Armin Ronacher's Thoughts and Writings

On Error Handling in Rust

written on Thursday, October 16, 2014

Rust is improving quite a lot lately and it makes it very exciting to play with the language and see how good API design could look like. There are areas in it however that are a bit frustrating still. For me one area is error handling. But some improvements might be coming up which I find quite exciting because it changes things around a bit from what most people are used to.
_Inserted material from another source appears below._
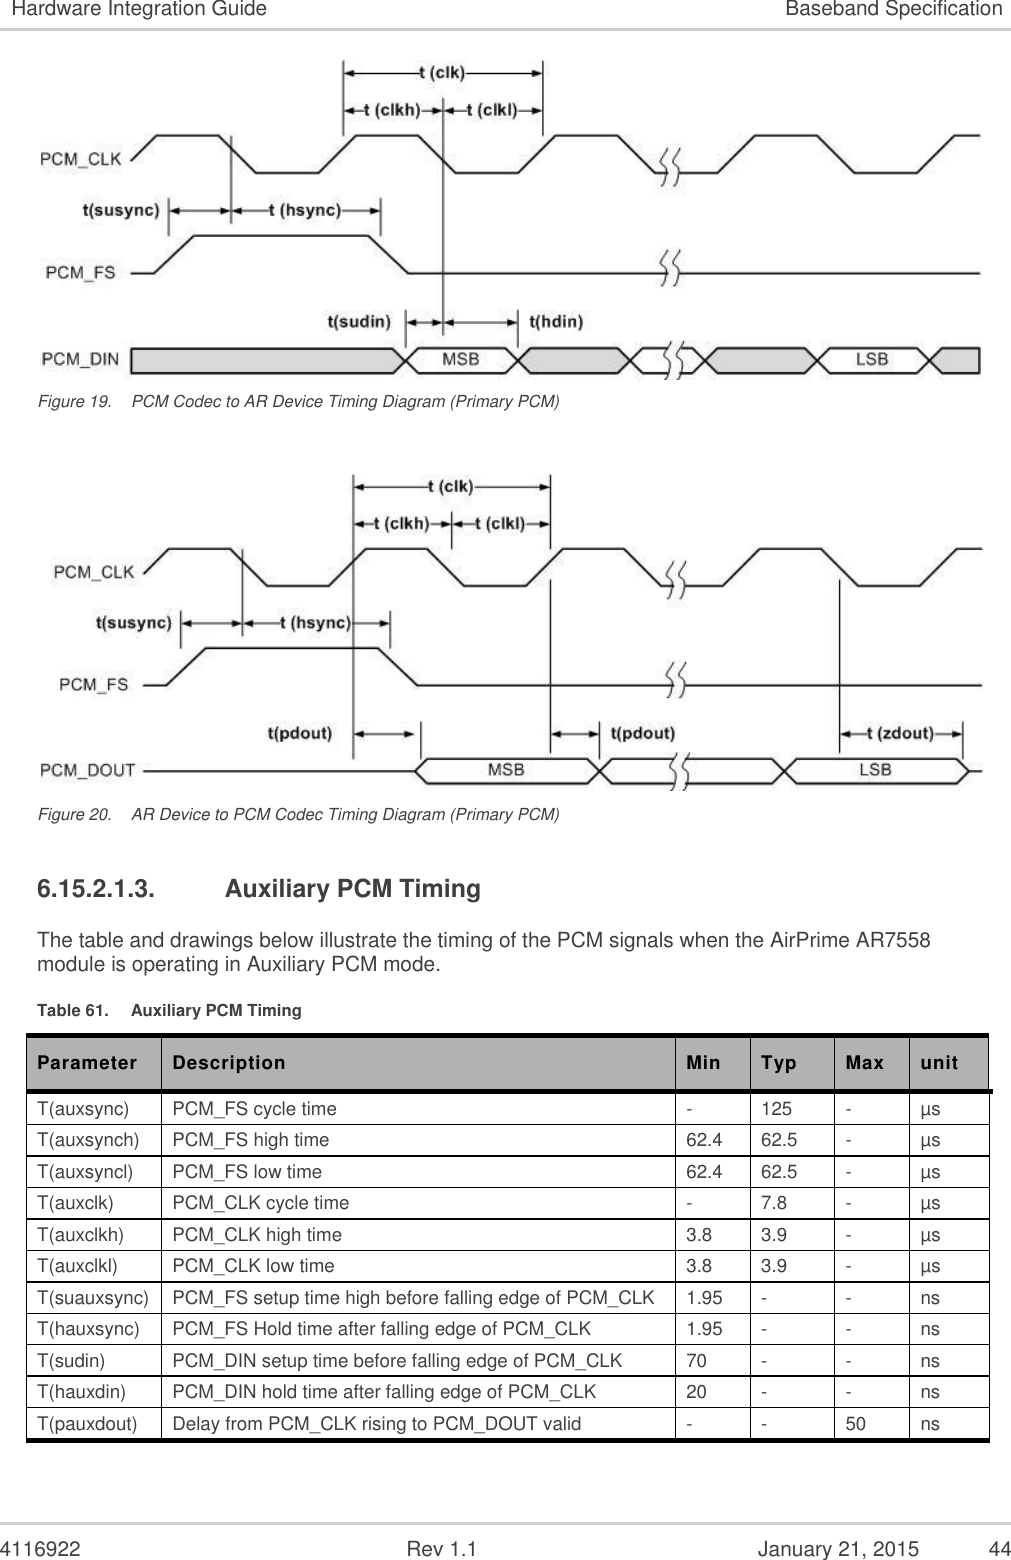   4116922              Rev 1.1          January 21, 2015  44 Hardware Integration Guide Baseband Specification  Figure 19.  PCM Codec to AR Device Timing Diagram (Primary PCM)   Figure 20.  AR Device to PCM Codec Timing Diagram (Primary PCM) 6.15.2.1.3.  Auxiliary PCM Timing The table and drawings below illustrate the timing of the PCM signals when the AirPrime AR7558 module is operating in Auxiliary PCM mode. Table 61.  Auxiliary PCM Timing Parameter Description Min Typ Max unit T(auxsync) PCM_FS cycle time  - 125 - µs  T(auxsynch) PCM_FS high time 62.4 62.5 - µs  T(auxsyncl) PCM_FS low time 62.4 62.5 - µs  T(auxclk) PCM_CLK cycle time - 7.8 - µs  T(auxclkh) PCM_CLK high time 3.8 3.9 - µs  T(auxclkl) PCM_CLK low time 3.8 3.9 - µs  T(suauxsync)  PCM_FS setup time high before falling edge of PCM_CLK 1.95 - - ns T(hauxsync) PCM_FS Hold time after falling edge of PCM_CLK 1.95 - - ns T(sudin) PCM_DIN setup time before falling edge of PCM_CLK 70 - - ns T(hauxdin) PCM_DIN hold time after falling edge of PCM_CLK 20 - - ns T(pauxdout) Delay from PCM_CLK rising to PCM_DOUT valid - - 50 ns

I actually wanted to write about about the API design in my little redis library but I expect the changes in the error handling to change the dynamics around a lot. Because of that I want to write a bit about the error handling in Rust currently and where it could be going.

Rust's Concept of Failure

Rust at present has two ways to indicate failure: results and hard task failures. In practical terms only the former is actually what you should be concerned with. Task failures are a last resort that you can fall back to if there is nobody who can pick up on your problem or if the problem is just of a nature that does not permit any error handling.

At present a result is as good as it gets. A type Result<T, E> has two possible states in which it can be: Ok(T) or Err(E). So it either succeeded with an object of value T or it failed with an object of value E.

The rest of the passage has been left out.